** Work required **
Each line in the material below must be transcribed exactly; no picture belongs in the copy.

** Data section **
----

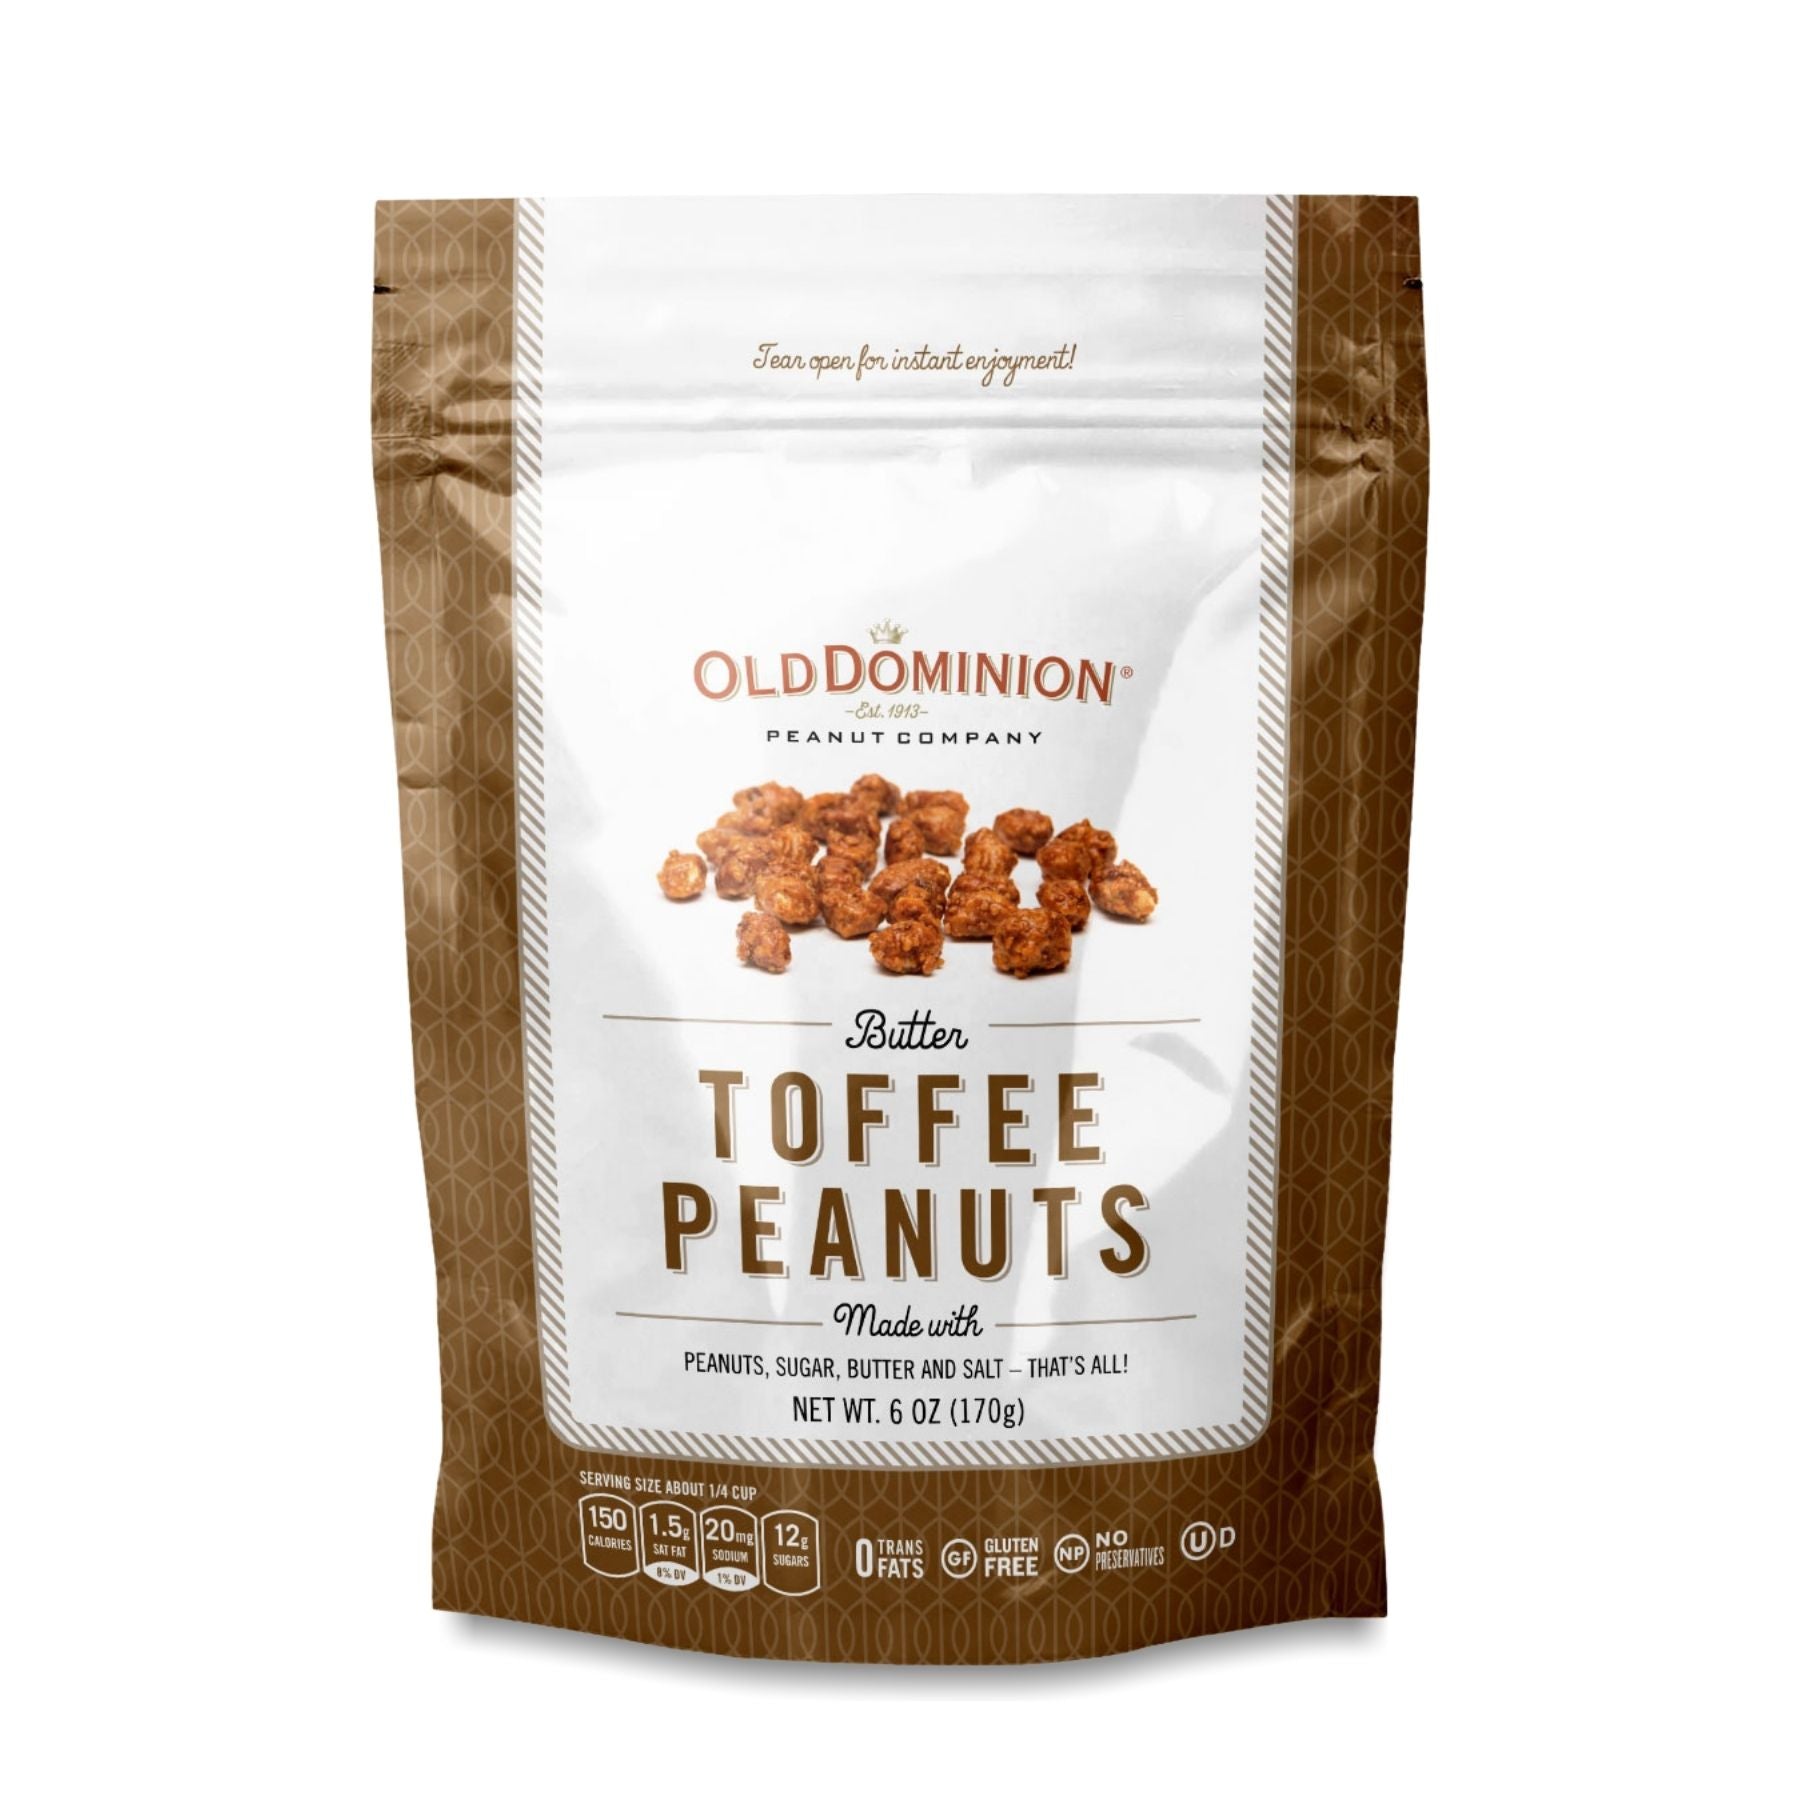 Old Dominion Butter Toffee Peanuts
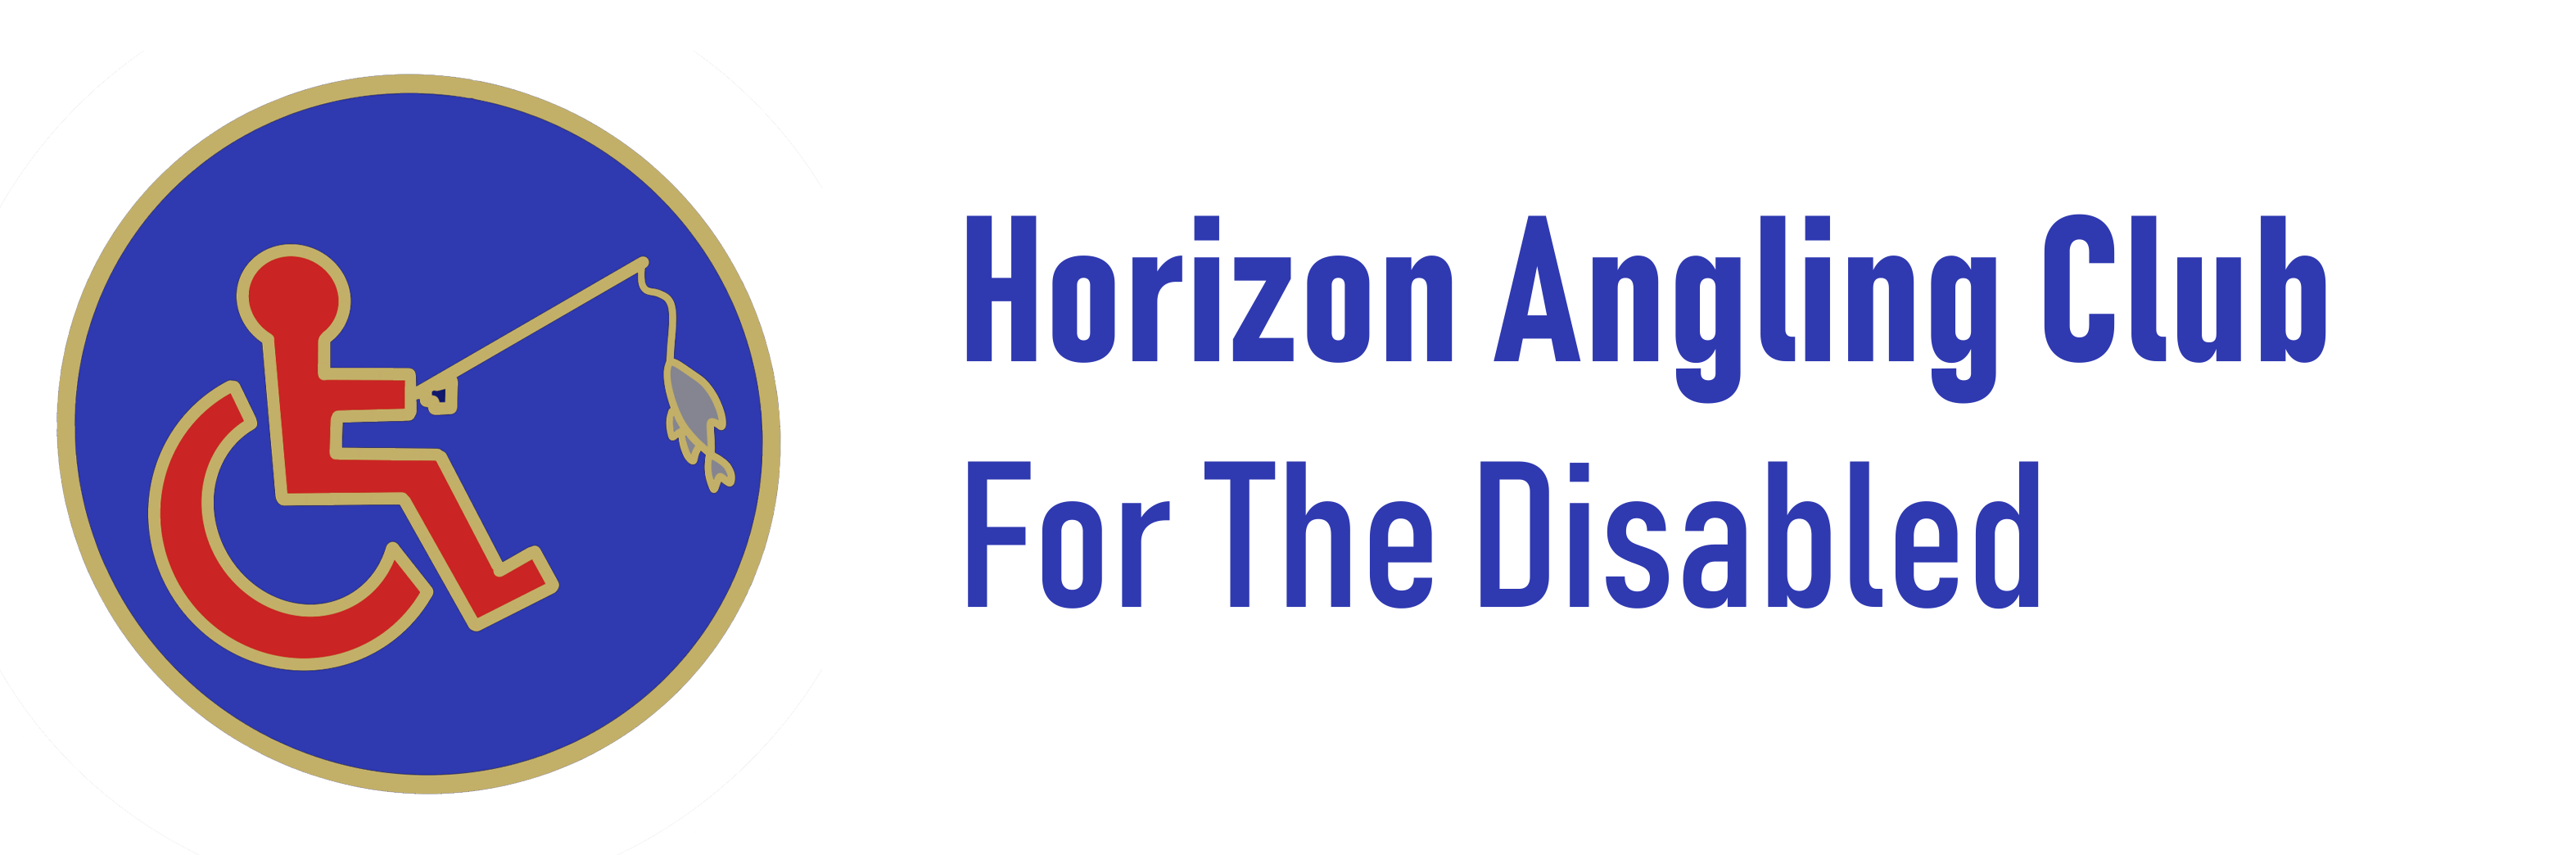 Horizon Angling Club for the Disabled
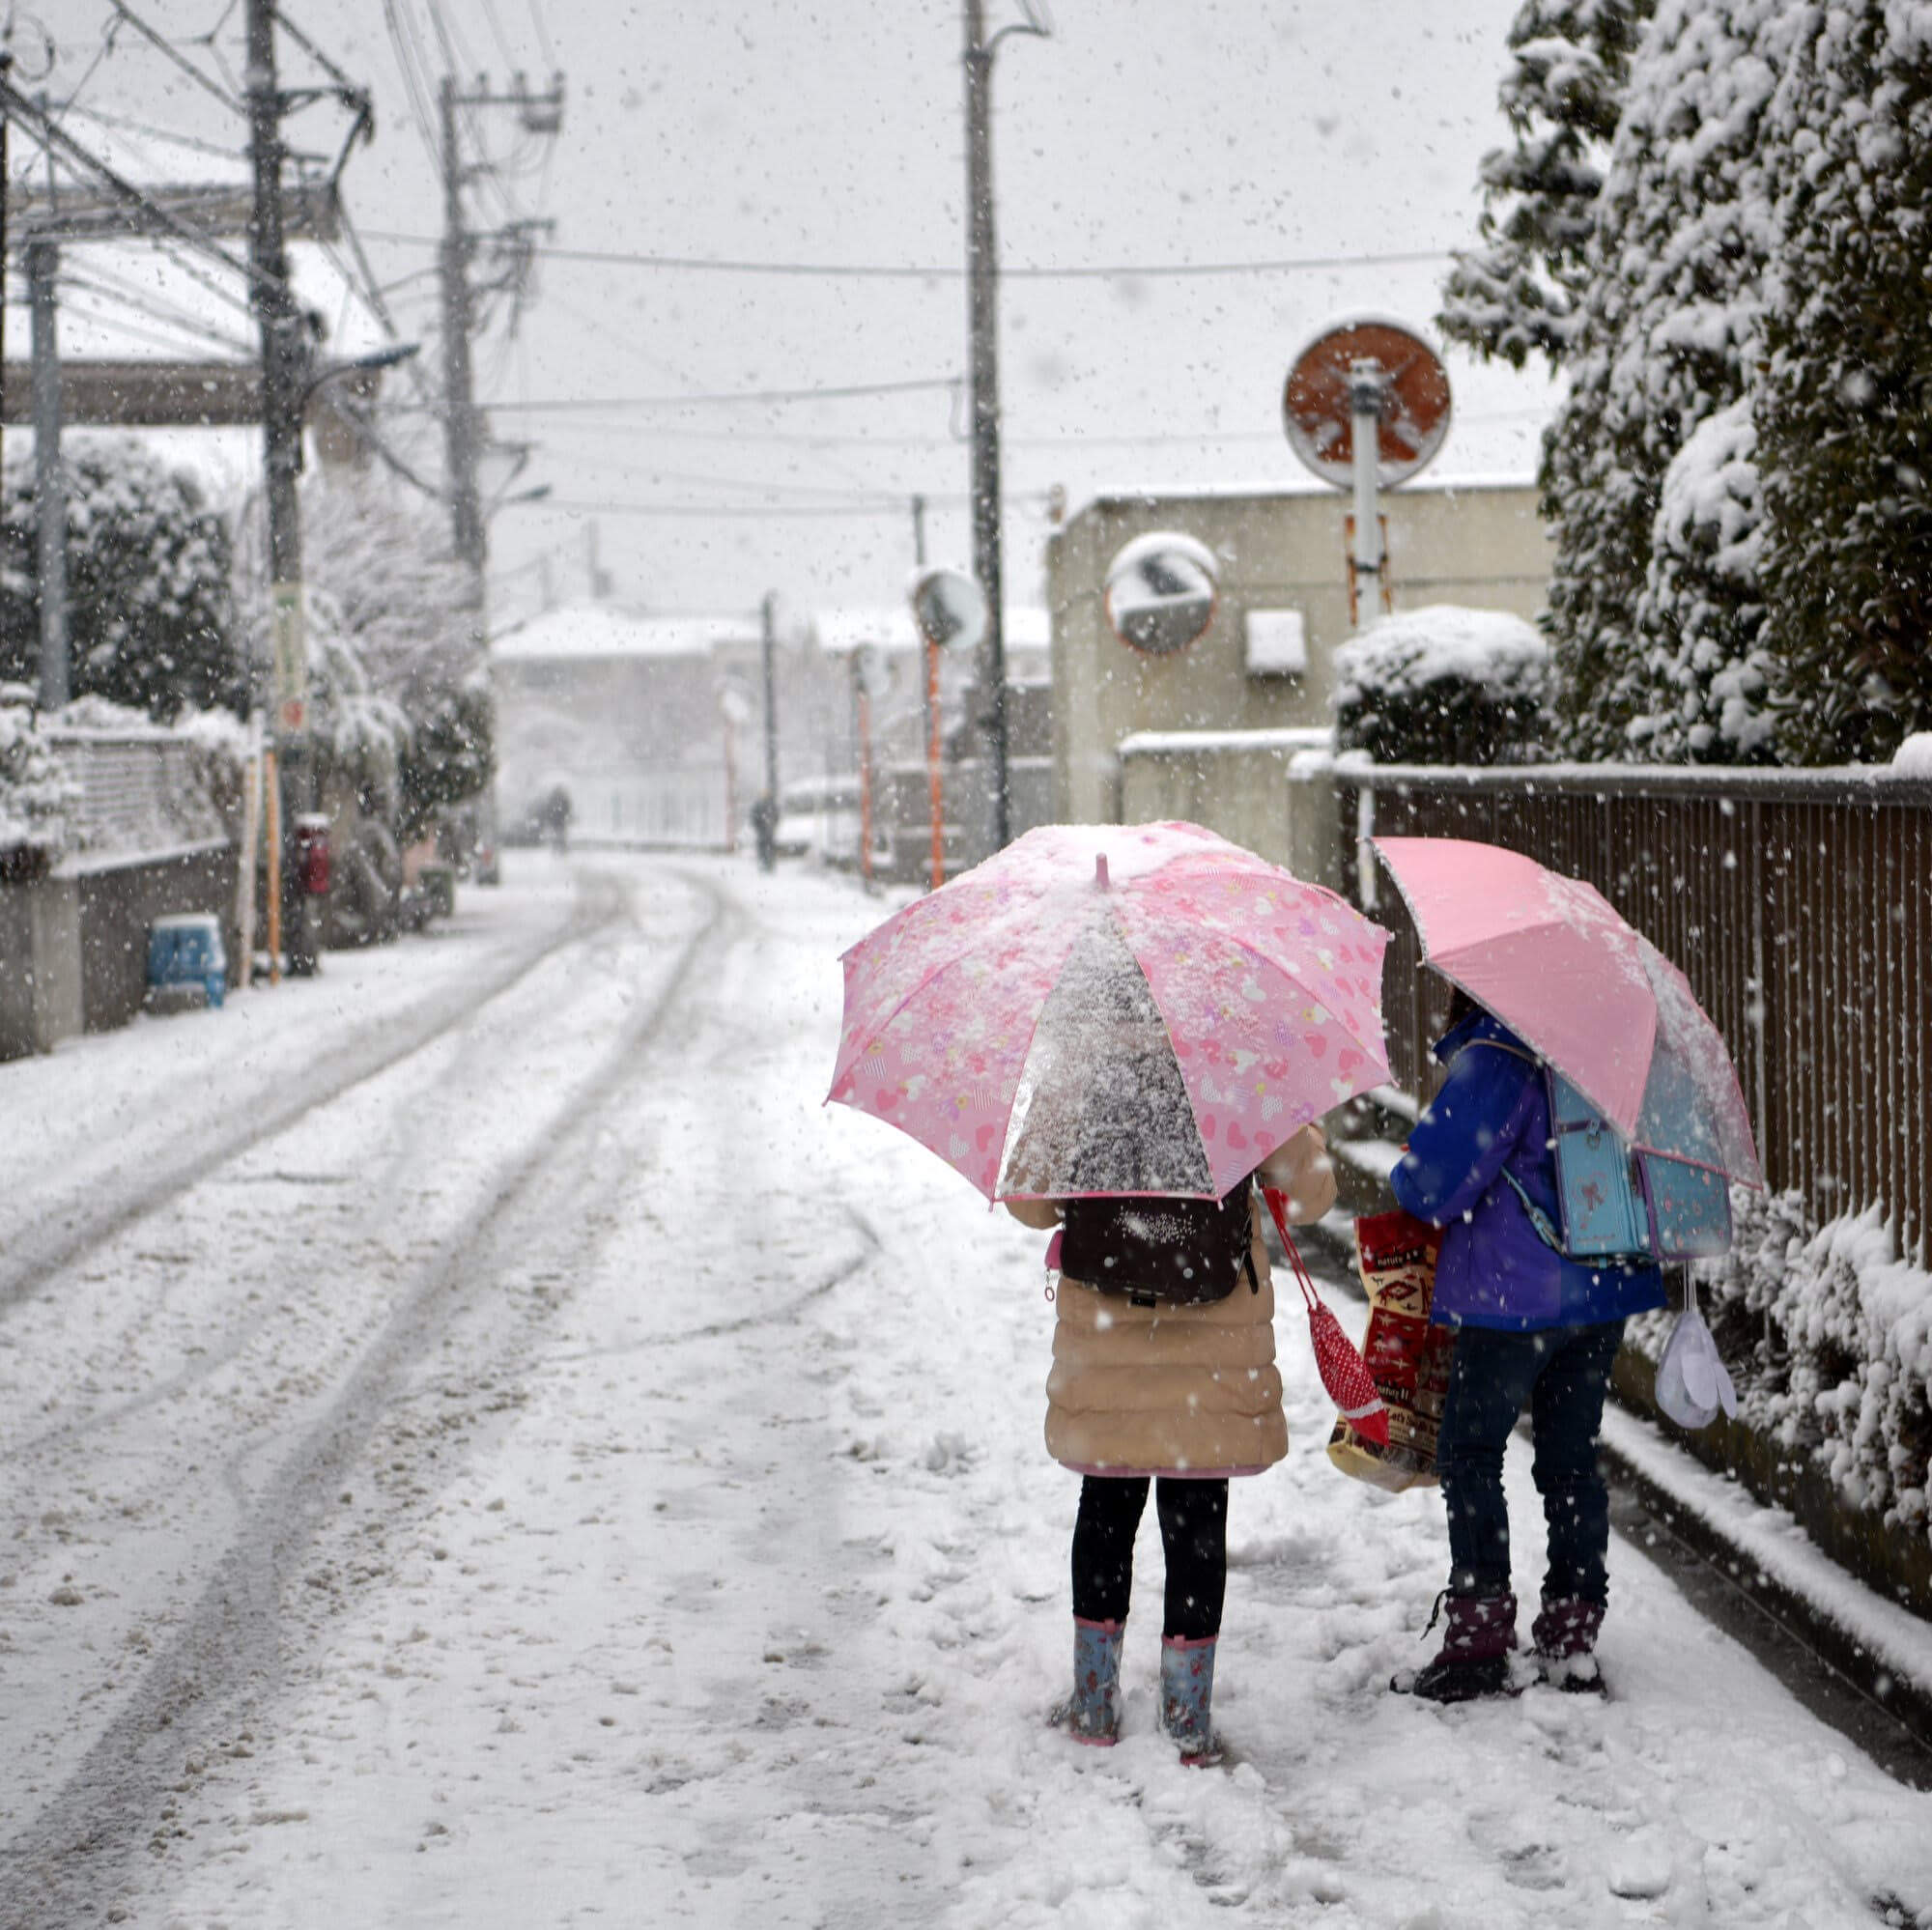 Tokyo Snow Scapes photo9

----

** Answer box **
 Old Dominion Butter Toffee Peanuts
 Horizon Angling Club for the Disabled
 Tokyo Snow Scapes photo9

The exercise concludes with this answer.